> YOUR OBJECTIVE
The answer is an exact copy of the lines from the one with "buy essay: This Is What Professionals Do" to the end of the listing below, pictures left out.

> PROVIDED MATERIAL
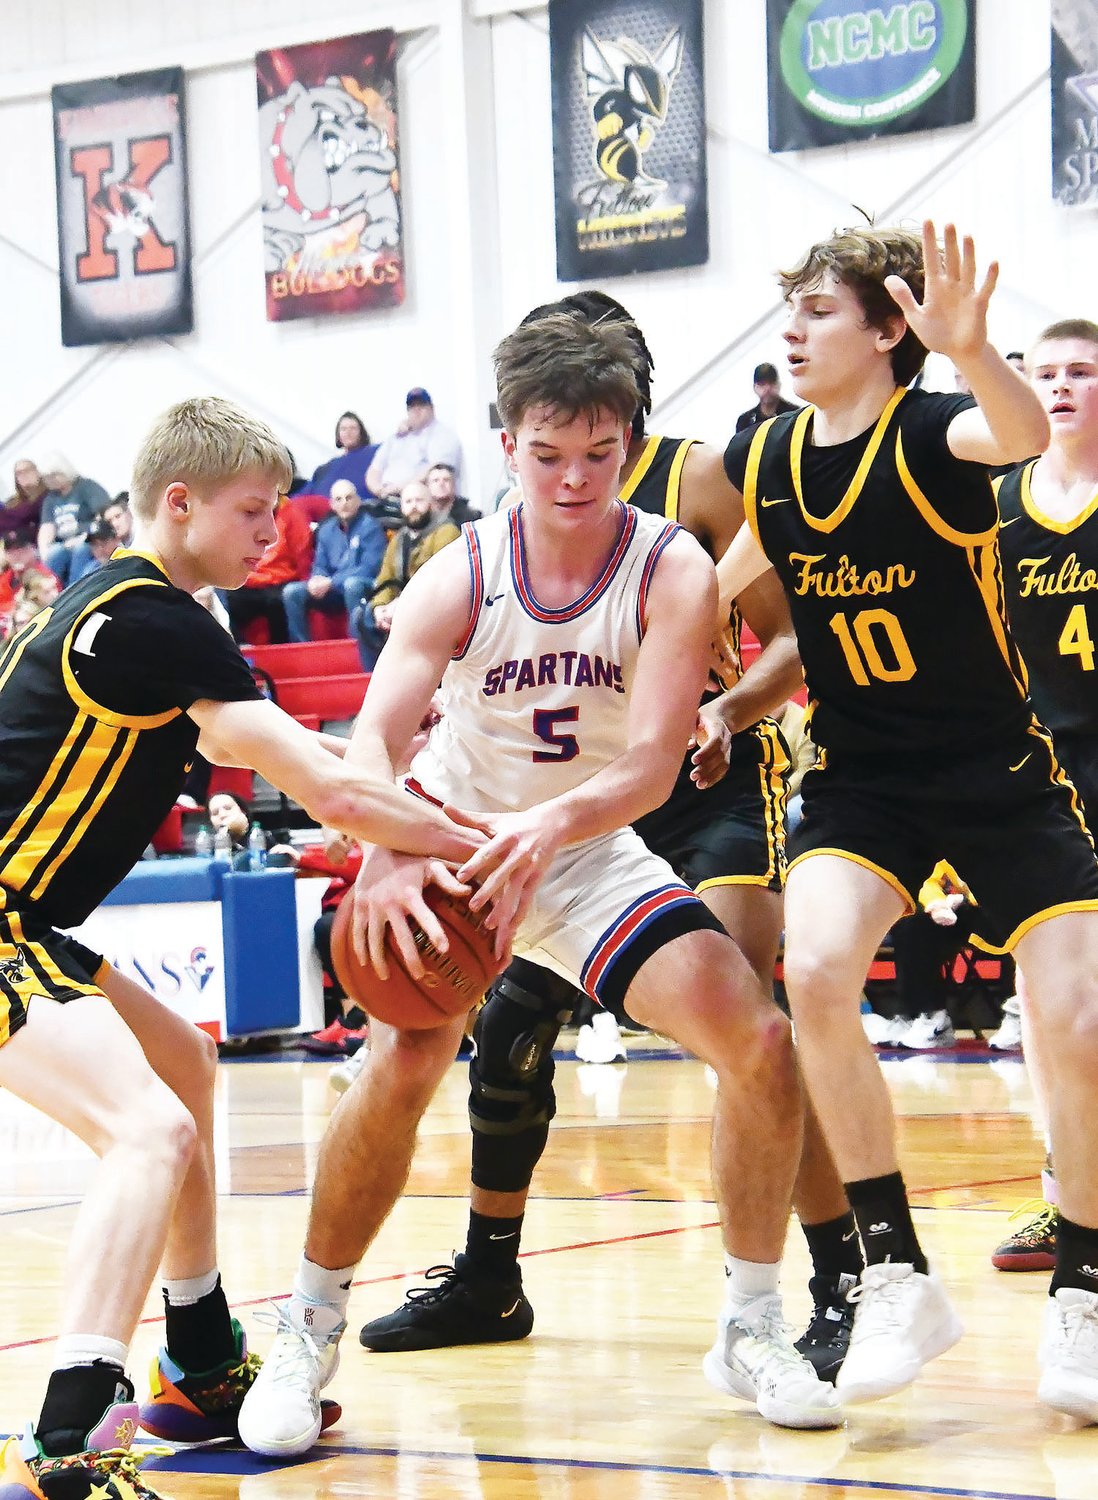 Collin Huffman of Moberly attempts to gather a rebound while harassed by two Fulton players during a conference game on Jan. 17.
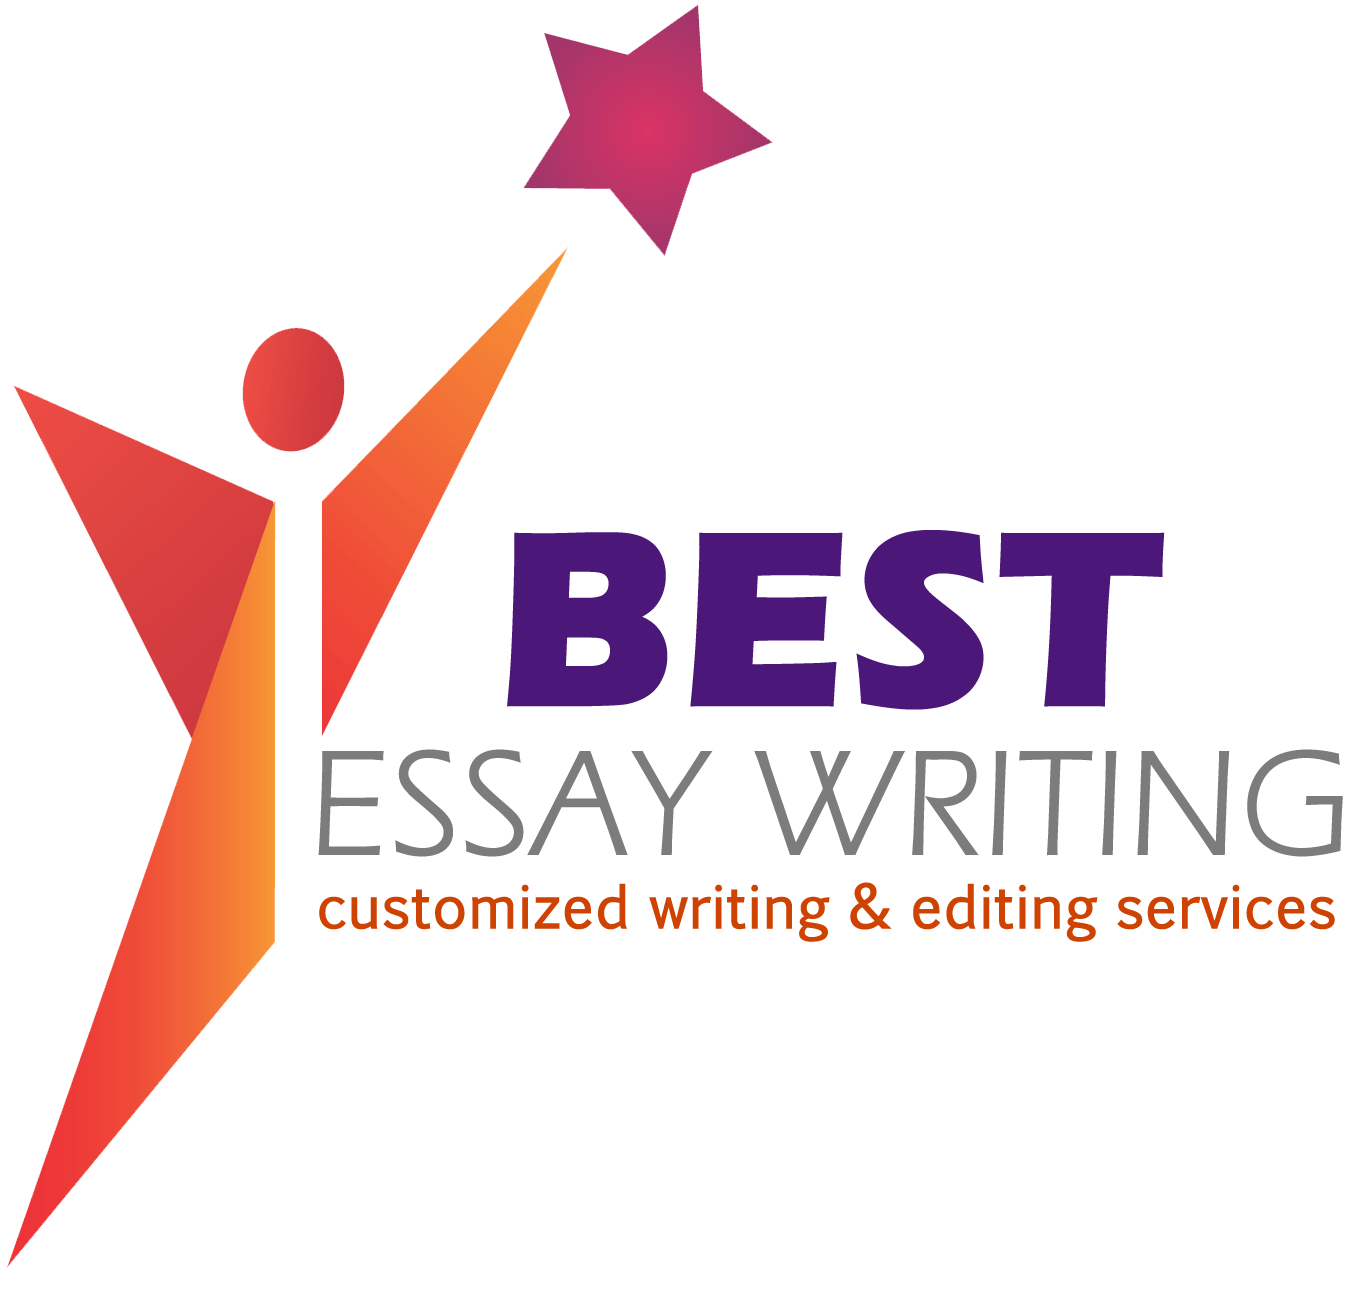 buy essay: This Is What Professionals Do
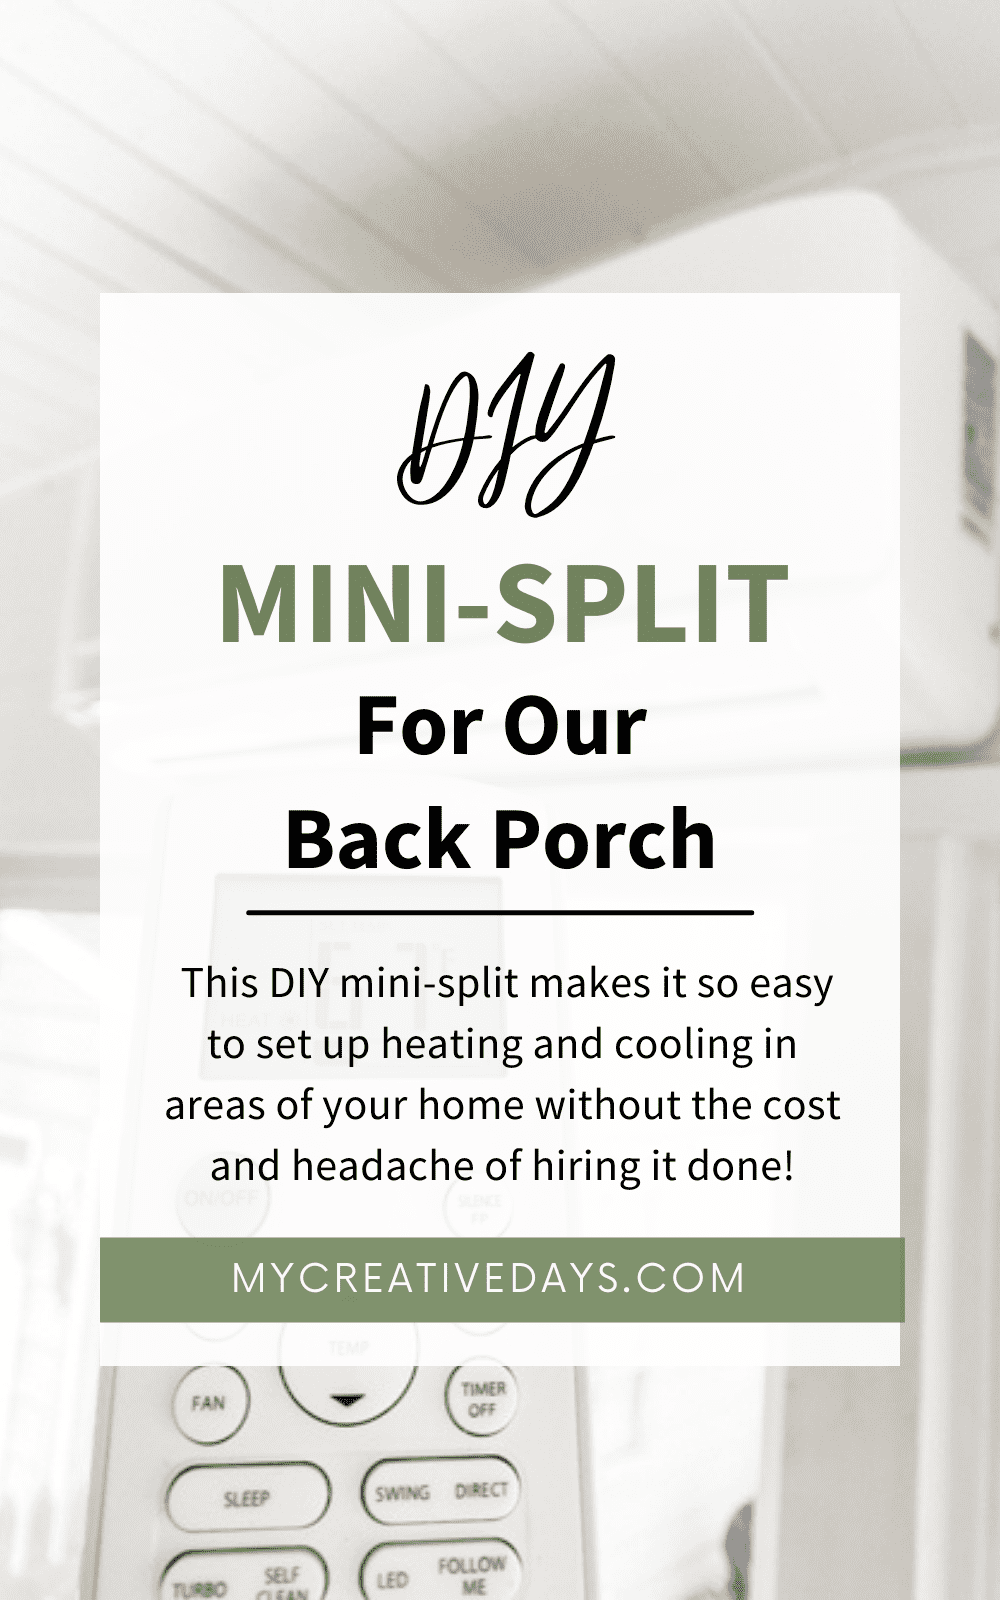 This DIY mini-split from Mr. Cool makes it so easy to set up heating and cooling in areas of your home on your own!

> RESPONSE BOX
 buy essay: This Is What Professionals Do
 This DIY mini-split from Mr. Cool makes it so easy to set up heating and cooling in areas of your home on your own!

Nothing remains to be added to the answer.